Sehingga tRNA akan mentransfer asam amino-asam amino dari sitoplasma ke ribosom.
Menurut dari asosiasi kodon dan antikodon dimana harus didahului oleh pelekatan yang
benar antara tRNA dengan asam amino sehingga tRNA akan mengikatkan diri pada suatu kodon
mRNA yang menentukan asam amino tertentu, dan yang akan membawa hanya asam amino ke
ribosom. Setiap dari asam amino akan digabungkan dengan tRNA yang sesuai oleh suatu enzim
spesifik yang disebut dengan aminoasil-ARNt sintetase (aminoacyl-tRNA synthetase).
Suatu ribosom akan memudahkan pelekatan yang spesifik antara antikodon tRNA dengan
kodon mRNA selama sintesis protein. Sub unit ribosom dibangun oleh protein-protein dan
molekul-molekul RNA yang disebut RNA ribosomal.

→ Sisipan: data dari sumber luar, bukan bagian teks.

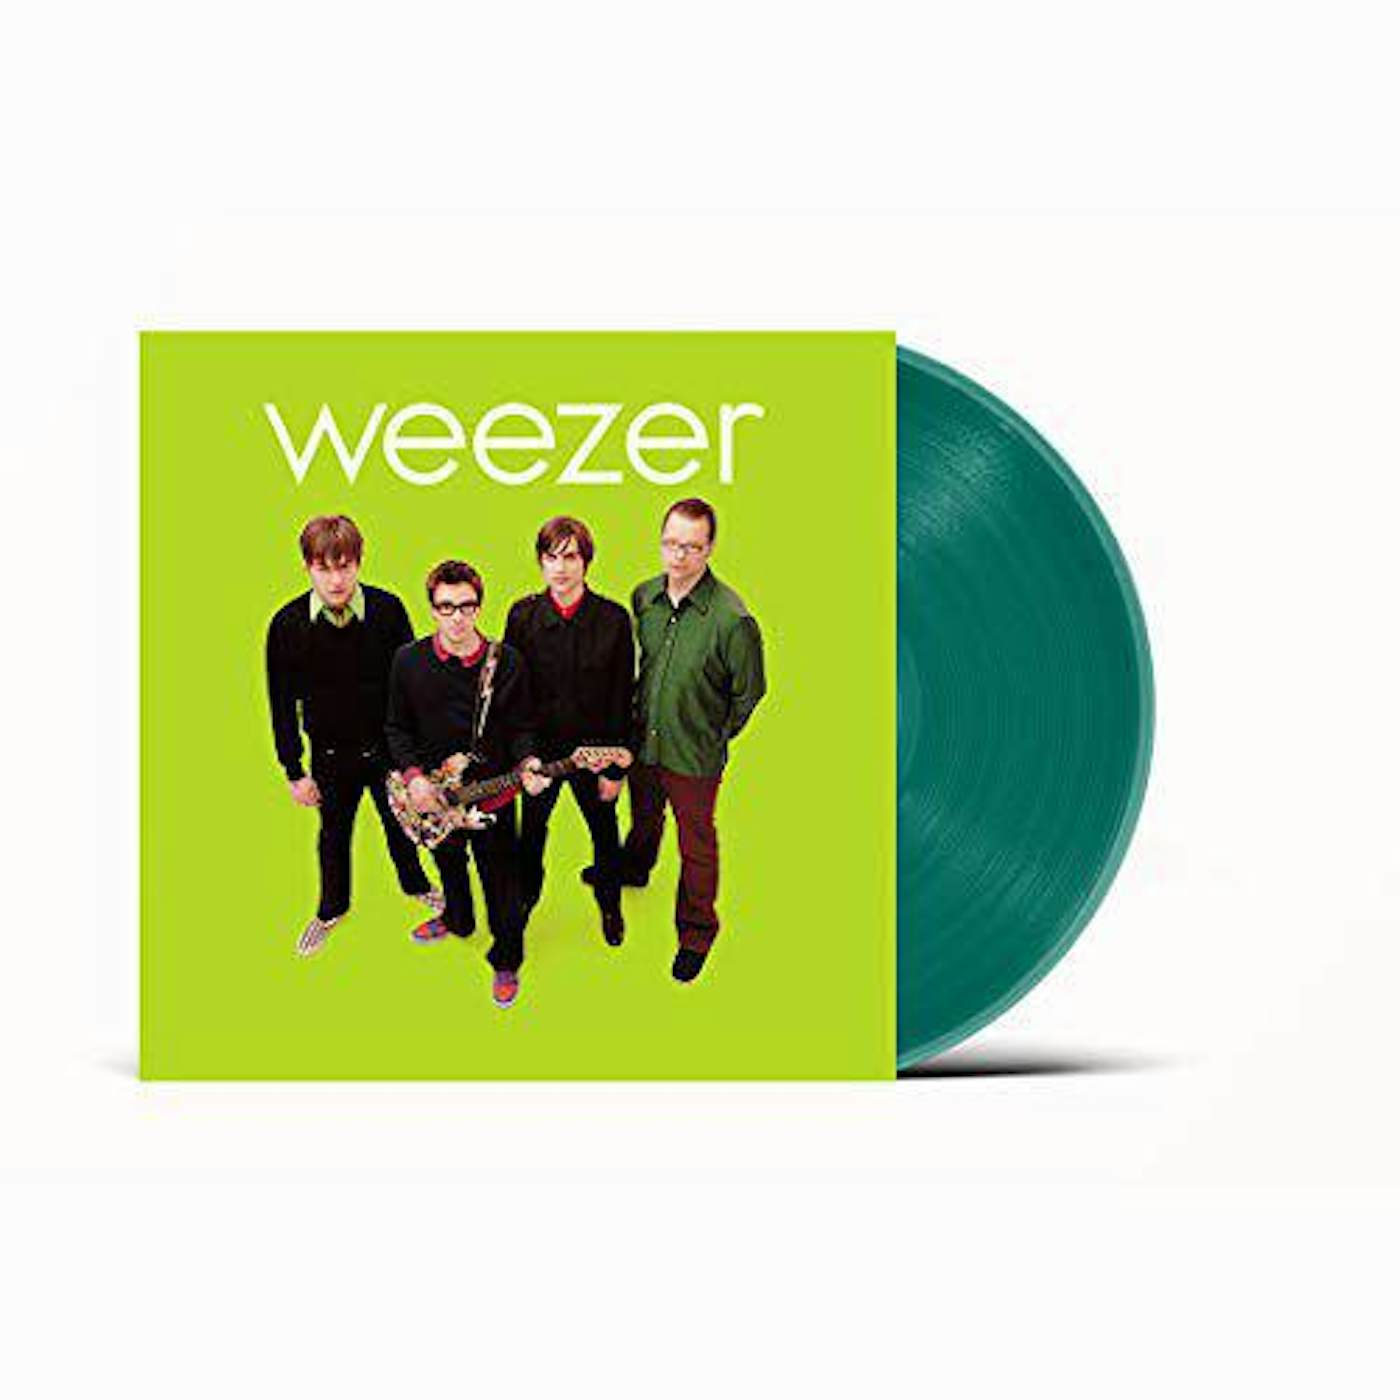 Weezer (Green Album) Vinyl Record
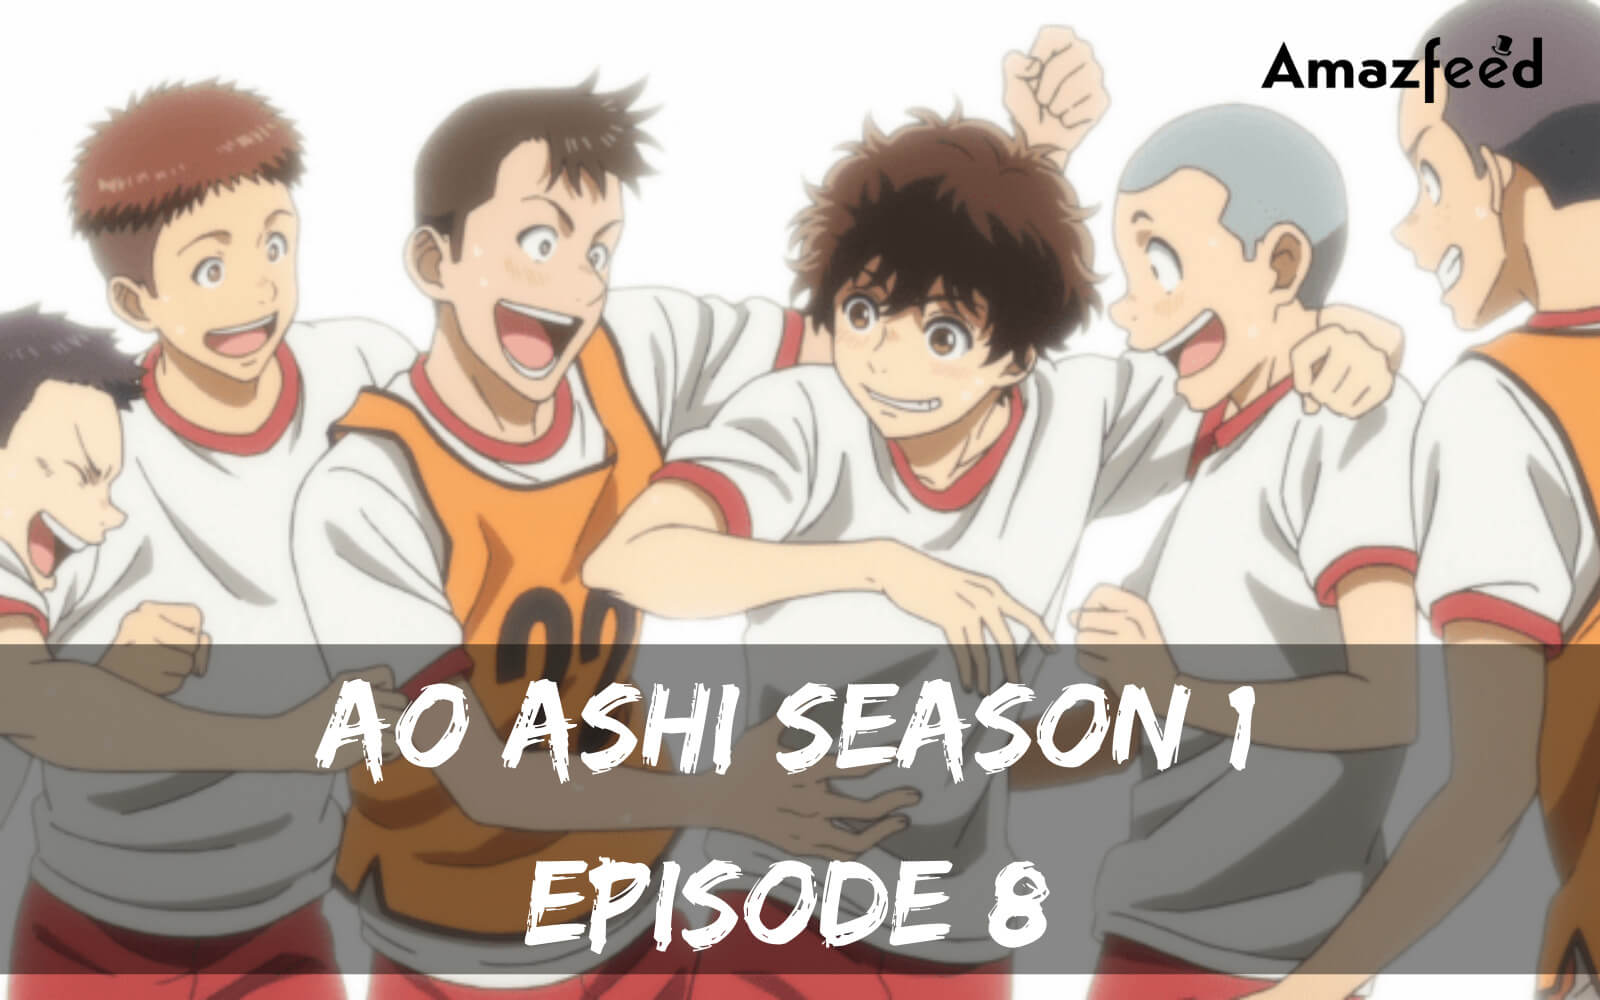 Ao Ashi season 1 Episode 8 release date

Translasi hampir sama tahapannya dengan transkripsi dimana ada tiga tahap
yaitu inisiasi, elongasi, dan terminasi. Semua tahapan ini memerlukan faktor-faktor protein
yang membantu mRNA, tRNA, dan ribosom selama proses translasi. Sedangkan inisiasi dan
elongasi pada rantai polipeptida juga membutuhkan sejumlah energi, dimana energi ini akan
disediakan oleh suatu GTP yaitu (guanosin triphosphat), yaitu suatu molekul yang mirip dengan
ATP.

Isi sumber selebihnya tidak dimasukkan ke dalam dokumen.